Within this context, it would be necessary to reflect more deeply on ways of learning and of organising learning [26], for ICT will bring little added value if it is merely tacked on to traditional organisation and practices. There may also be a case for discussing specific issues such as the development of appropriate interfaces as part of setting up "gateway" sites for educational multimedia at European, national and regional levels. It is crucial for public authorities to contribute to the definition of quality criteria in a partnership with the designers and suppliers of applications and multimedia services. Otherwise, access to resources and the development of provision will be structured by de facto standards which will emerge and will put the industries' leading players in a dominant position.

[26] This includes learning methods, school rhythms, timetables, teaching methods, syllabus contents, relations between teachers and learners, the organisation of the establishments and classes, hierarchical relationships, evaluation of pupils and staff, their initial training and their continuing training, evaluation and recognition of skills, etc.

4.1.3. Developing prospective analyses

A third recommendation is to develop prospective scenarios on the basis of field observations and experts' analyses in order to provide those responsible and decision makers with pointers and regular information on the potential options available and to guide their strategic reflection. The point would be to anticipate on changes shaping up technologically and with regard to practice. The players in the field and within the key institutions (teacher training, centres dealing with matters concerning specific subject areas, inspection offices, etc.) could be involved in the development and discussion of these scenarios.

Links with non-EU countries and international organisations concerned need to be strengthened for these three levels of recommendation. Analyses should not be restricted to the situation of the EU but should also take account of the prospects stemming from enlargement and of approaches used outside the Union. The results obtained from work at these three levels should be broadly disseminated by the Commission to the publics concerned and should be published on the Internet.

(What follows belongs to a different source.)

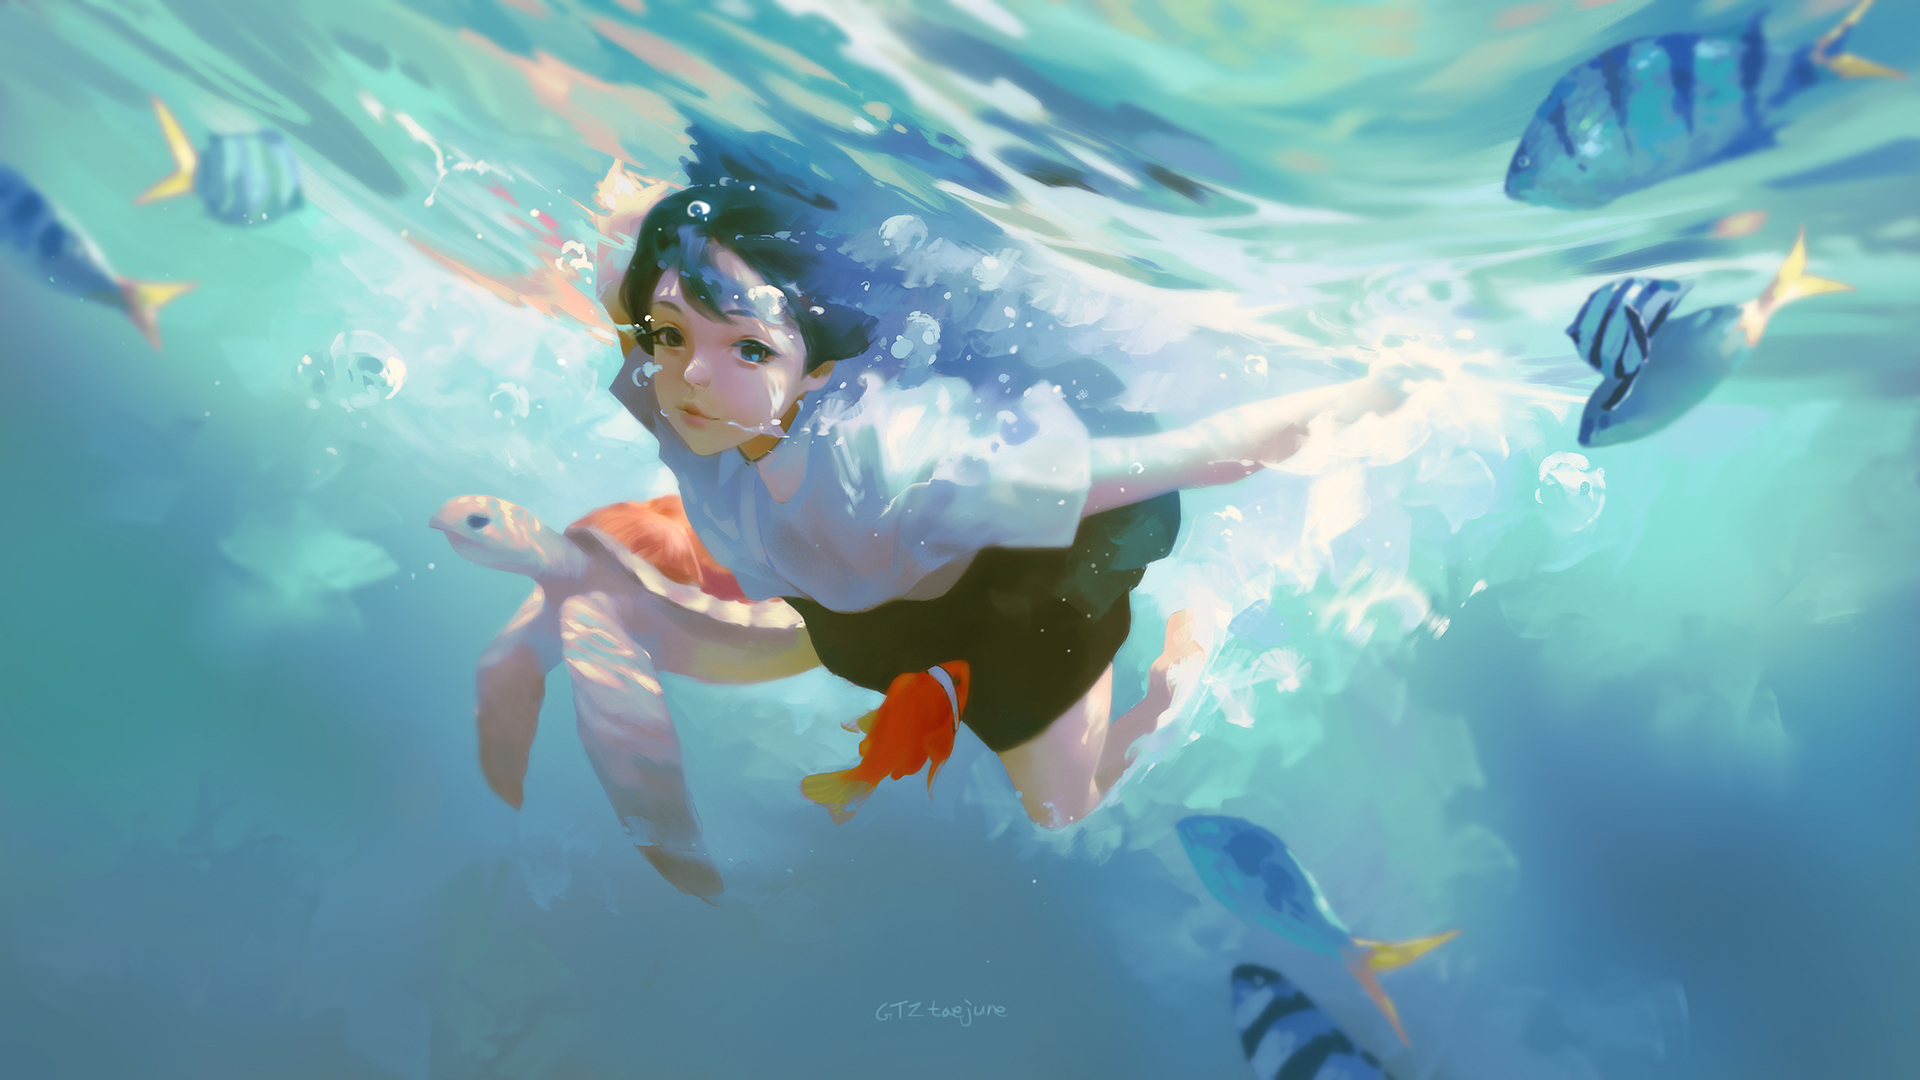 Anime Girls Artwork Taejune Kim Underwater 1920x1080

4.2. Managing and promoting innovation

To back up these first three levels of recommendations it is essential to step up the drive in terms of research and of social and technical experimentation in order to anticipate on likely changes on the area of organisation of education and training, and to generalise the best practices.

4.2.1. Launching innovative experiences in key areas having a European dimension

The conclusions of the most advanced pilot experiments stress that technology prompts a rethink of the structure and contents of education and training programmes, making it essential to launch experimentation in order to derive pointers on what the school, university and training of tomorrow should be, associating closely teachers, trainers, learners, parents and their representative organisations, industry and the social partners.

This recommendation accordingly seeks to develop innovative experiences which would feature futuristic hypotheses concerning school, the university and training and more effective ways of teaching and learning. In this context, cross-disciplinary prospects should be examined in greater depth, particularly when it comes to education in communication and the media, links between the sciences and the humanities, and modern language learning through intercultural education.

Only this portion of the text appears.